I am trying to implement a Pooling layer which outputs two tensors, a pooling tensor and a pooling mask tensor, since I need the pooling mask (containing the max indices) as an input of an Upsample layer (which is a custom layer too). I am using the sample plugins as a reference, in particular the Face-Recognition example from https://github.com/AastaNV/Face-Recognition.
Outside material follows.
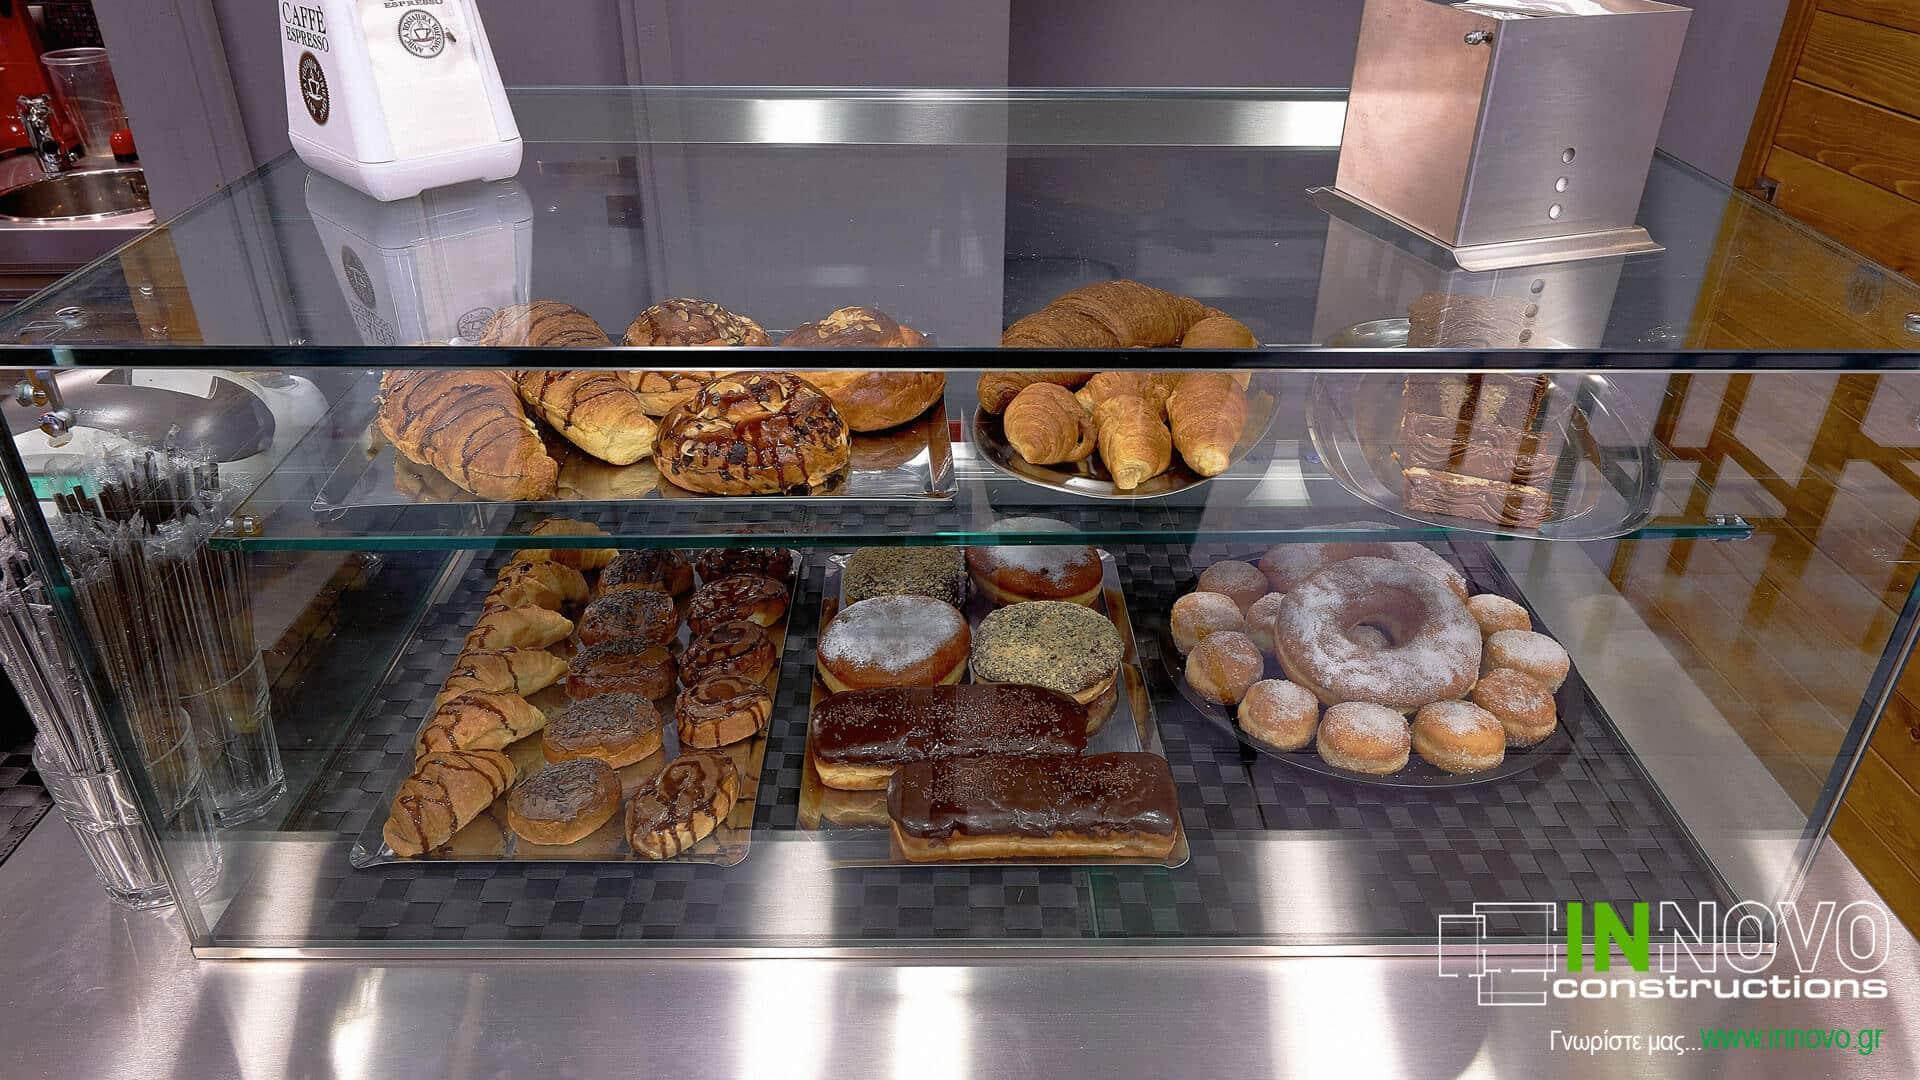 anakainisi-snack-cafe-renovation-snack-cafe-peiraias-1545-12

I have an issue concerning the casting of the inputs in the enqueue function (IPlugin), in the example from AastaNV we can find:
int DataRoiLayer::enqueue(int batchSize, const void*const *inputs, void** outputs, void*, cudaStream_t stream)
{
float* bbox = (float*)inputs[1];
int srcSize[] {dimsData.c(), dimsData.h(), dimsData.w()};
int dstSize[] {dimsRoi.c(), dimsRoi.h(), dimsRoi.w()};
int roi[] = { int(bbox[0]+0.5), int(bbox[1]+0.5), int(bbox[2]+0.5), int(bbox[3]+0.5)}; //rounding
convertROI((float*)inputs[0], (float*)outputs[0], nullptr, srcSize, dstSize, roi, stream);
return 0;
}
So he/she casts the input to a float* and then simply treats bbox as a vector.
In my code I do the same:
int enqueue(int batchSize, const void*const *inputs, void** outputs, void*, cudaStream_t stream)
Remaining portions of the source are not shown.